これまでの商法では、財産価値と議決権は不可分で表裏一体でしたが、会社法になって、色々な種類の性格を持った株式の発行が可能になり、配当や残余財産の分配で優遇したり、議決権を制限あるいは逆に拒否権を付与するということも出来るようになりました(「事業承継に種類株式制度を活用してみる」参照)。
 このような種類株式も活用して柔軟な株主構成も設計できるので、事前に将来の株主構成を設計し、時間を掛けて移転してゆくことが、円滑な事業承継には欠かせません。

自社株式の相続対策と納税対策

事業承継を考えるとき、自社株式の相続対策はメインの対策と位置づけることができます。大企業とは異なり、事業を安定的に継承するためには会社の支配権が絶対に必要になりますが、株式の相続税評価額が高額になると、遺族は莫大な相続税を負担することになりかねません。ところが同族会社の株式は支配権を獲得できなければほとんど無価値に近く、流通市場も存在しないため全く換金性が無いので、株式を売って相続税を納税するということが出来ないのです。

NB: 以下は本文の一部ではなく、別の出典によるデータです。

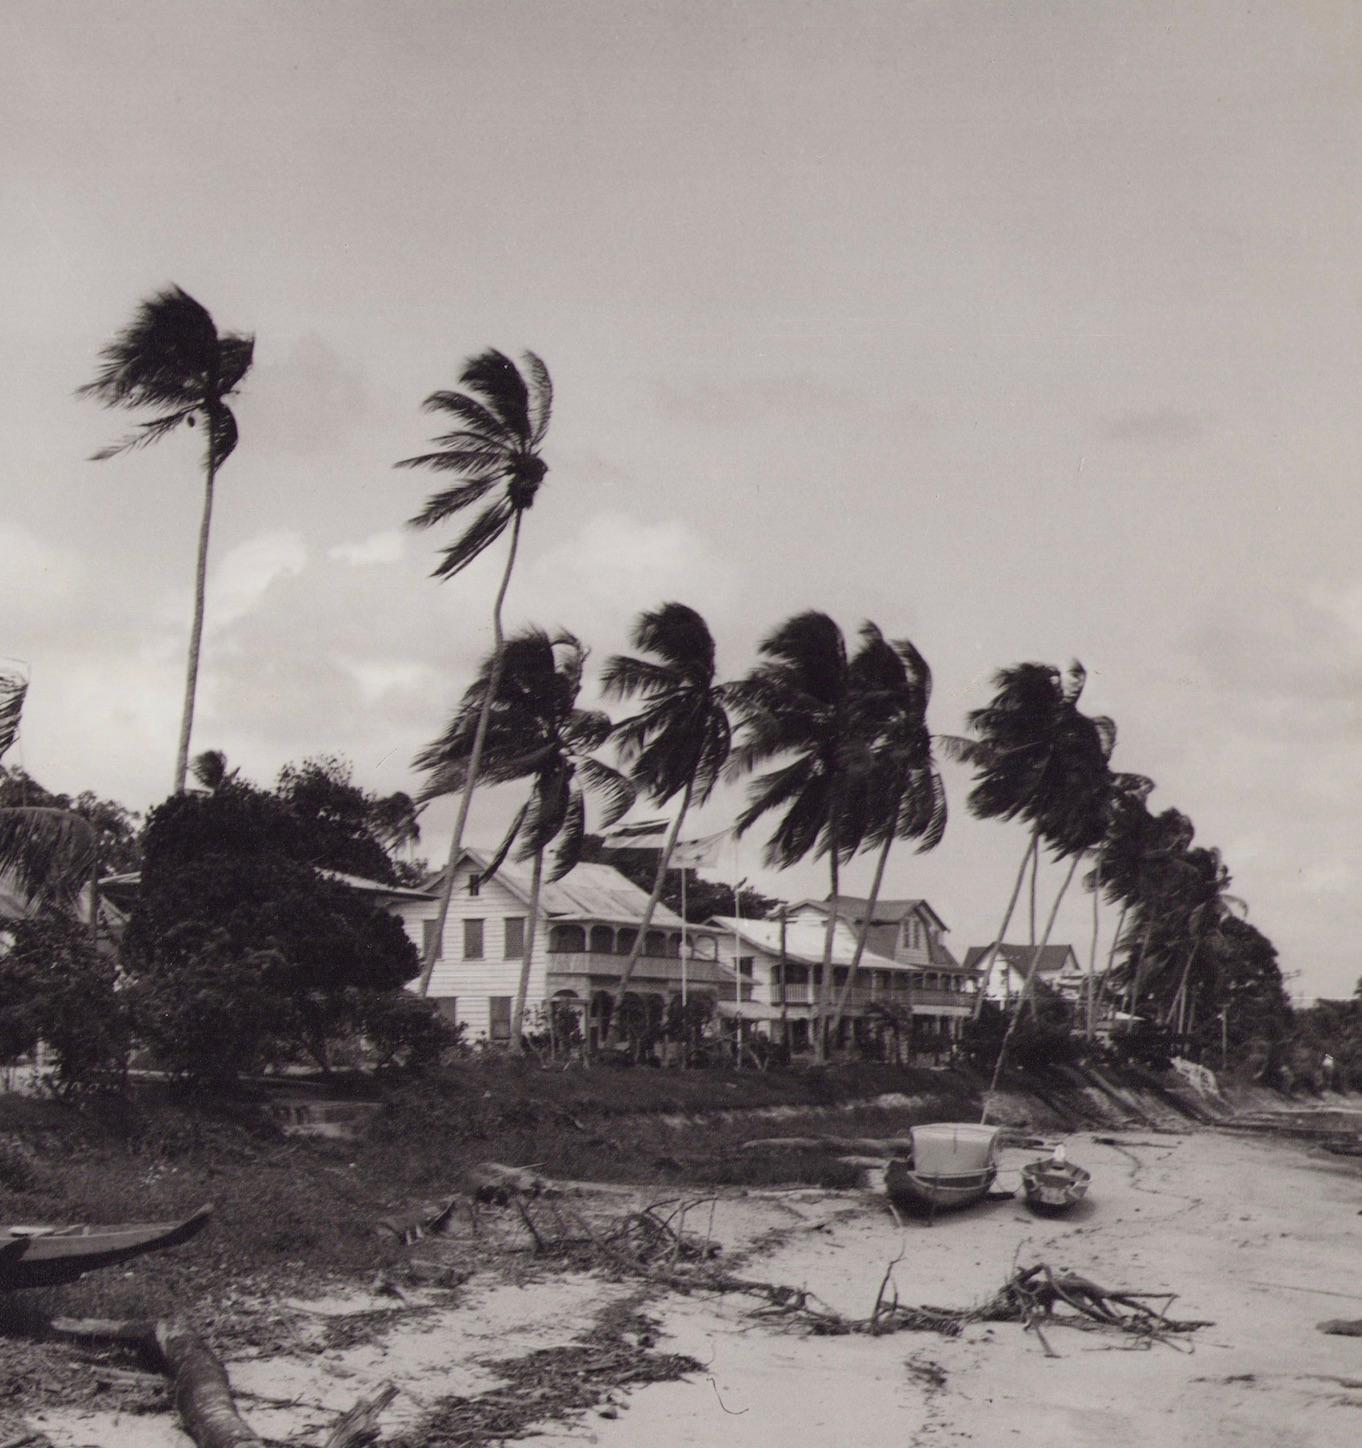 Suriname, River, Palmtrees, Black and White Photography, 1960s, 23, 5 x 29, 1 cm For Sale 1

換金したいと思えば、全株式=事業全体を売却するしか方法はありません。ここが不動産や現預金といった資産とは決定的に違うのに、これまで特段の救済策はありませんでした。
 そこで、会社に資金的な余裕があれば、会社が遺族から自社株式を金庫株として購入するという方法が取られますが、結果的に企業が相続税を負担することになり、承継後の資金繰りを圧迫することになります。
 ようやく、平成21年度の税制改正で、「取引相場のない株式等に関わる相続税の納税猶予制度」が創設され、この問題は改善される方向にあります。この制度は、適用要件に従業員の継続雇用があるなど、その後の経営の足枷になることも心配されていましたが、平成25年度の税制改正で、雇用確保要件の緩和、後継者の親族間承継要件の廃止、先代経営者の役員退任要件の緩和(贈与税)等、各種適用要件の緩和があり、更に事業承継を行いやすくなりました。
 何れにしても、相続税が事業継続を圧迫することがないように、常に自社株式の評価額に注意を払い、事前に株式を計画的に移転するか、納税資金を準備しておくなどの対策が重要になってきます。

更新日:2014年3月31日
掲載日:2008年7月31日

本解説は、著者の見解に基づくものであり、対策の時期や目的、規模、期間、対象の個別事情などによっては想定されていた効果が出ない場合があります。実際の判断、経済活動にあたっては、必ず税理士などの専門家に相談するなどした上で自己の責任において行うようにして下さい。